Swearing oaths has played an important role in societies throughout history, especially in the ancient world, including Israel. An oath is made up of two elements. The first part is a promise to perform some act or to tell the truth. The oath is made by touching or holding a sacred object. The second part of the oath is a divine sanction or consequence for lying. The rationale is that the promise is made in the presence of a god who will punish intentional falsehood. An oath could thus be called a “conditional curse”.

Oaths were taken on all sorts of objects and for all occasions in order to establish truth and thus preserve stability in a given society. Today we experience oaths when a president is inaugurated or a public figure is sworn into office. Oaths are also taken when someone is required to be a witness in a trial or gives sworn testimony in a deposition. The left hand touches a Bible, the right hand is raised, and we are asked to repeat, “Do you solemnly swear to tell the truth, the whole truth and nothing but the truth, so help you God?” And what is the punishment when a witness lies on the stand? He or she may be convicted of perjury and could be fined, imprisoned or even impeached.

The perennial problem with oaths throughout history is that we end up with two levels of truth. A person who tells the truth under oath feels free to be economical with the truth the rest of the time. That’s why Jesus states clearly in Matthew that we should not swear oaths. Christ-followers are called to transparency and honesty at all times, not just when swearing oaths. May our “yes” always mean “yes,” and our “no” always mean “no.”

For the first three centuries, the early Christians followed Jesus’ example by refusing to swear oaths. As a consequence, Christians by the thousands were tortured and killed for speaking the truth about their faith. Once Christianity became the state church of the Roman Empire in the fourth century, empire and Christianity became one and the same. By the sixth century, everyone was required to belong to the church, pagans suddenly became Christians, and the habit of swearing oaths became commonplace.

It was the Anabaptist movement in the 16th century that returned a small part of Christianity to the practices of Jesus and the early church.
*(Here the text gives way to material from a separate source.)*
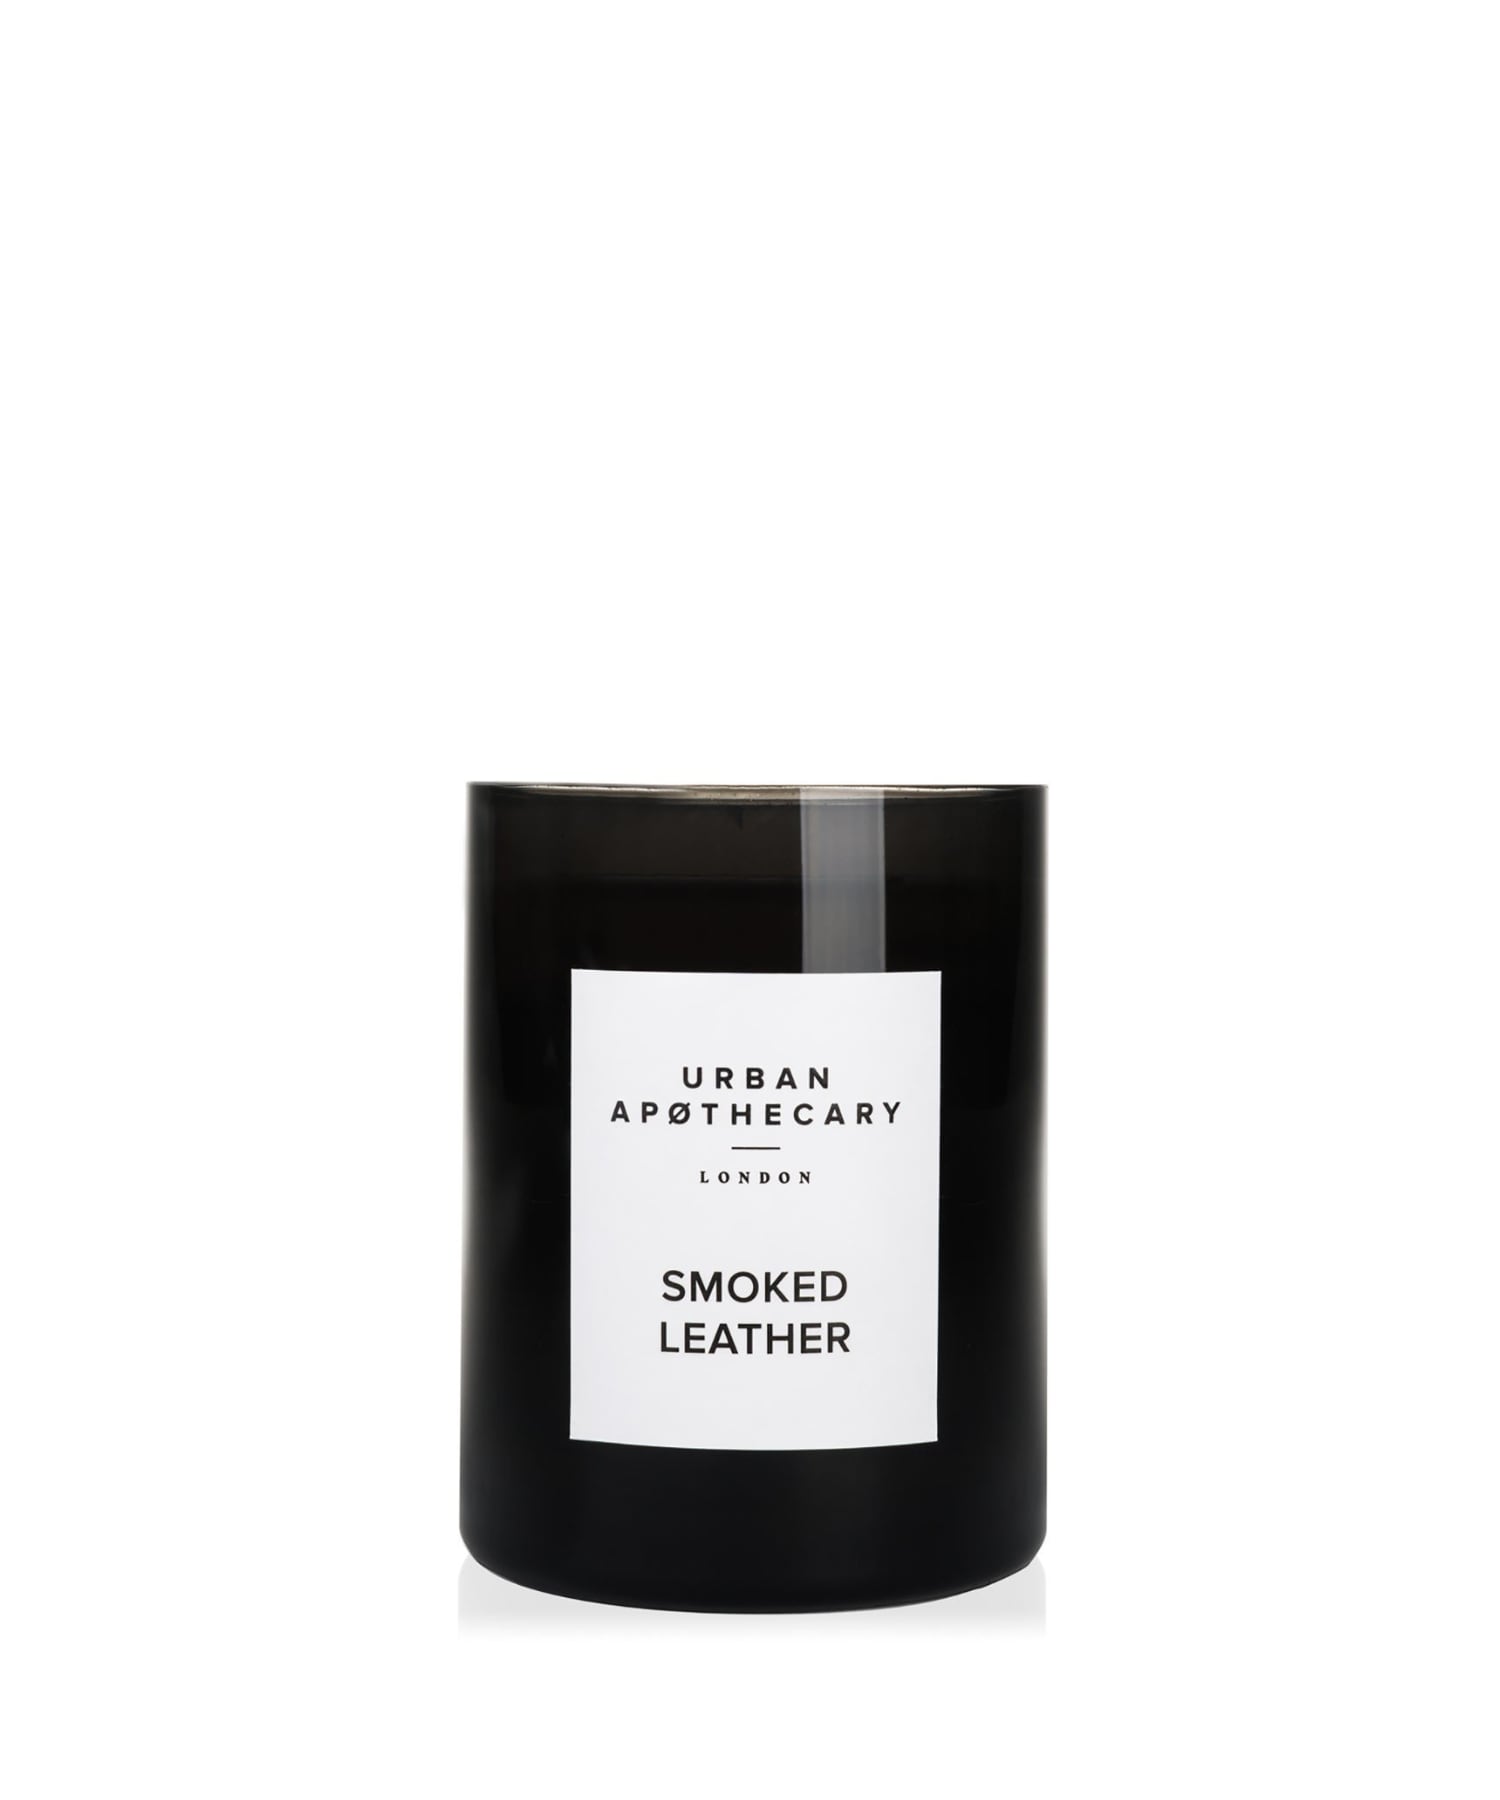 URBAN APOTHECARY Smoked Leather Luxury Glass Candle 300 g

The Mennonites and Amish refused to swear oaths and insisted on never being economical with the truth because Jesus said, “Let your ‘yes’ be ‘yes’ and your ‘no’ be ‘no’.” Since the Anabaptists believed that oaths were not Christian and did not lead to a truthful society, they were persecuted and even martyred for their faith.

As we move toward a presidential election in November, many of us become more confused by the day. Candidates spin the truth to suit the desires of their constituencies, statistics are spewed out as facts without proof and lies/exaggerations are spread about other candidates at will. Misleading impressions, bent untruths, and being economical with the truth abound.

At the same time as we decry the state of politics, ordinary citizens continue to cheat on their income taxes, insurance fraud drains $50 billion from insurers every year, and Internet scams net billions of dollars a year. We are economical with the truth to suit our own purposes and perpetuate divisions among people, organizations and even religions by insisting that we have the only truth. Liar, liar, pants on fire.

As we move through the season of Lent toward Holy Week, what is the truth of the gospel? As we witness Jesus being true to himself and his call from God, how is God calling us to witness to the good news of Jesus Christ? Can we repent of our desire to be economical with the truth when we seek to mold Christ’s church into our own image? Can we celebrate the grace of difference and the wind of the Holy Spirit, which blows where it wills?

What is the truth of our lives as Christ-followers? Will we embody courage, self-emptying and humility as we seek to embrace the complexity of our world? Will we model the insistence of Jesus that we be united in love for all or will we, like Pilate, wash our hands? Who will take us to the Promised Land? There is only One. Lord, have mercy. Christ, have mercy. Lord, have mercy.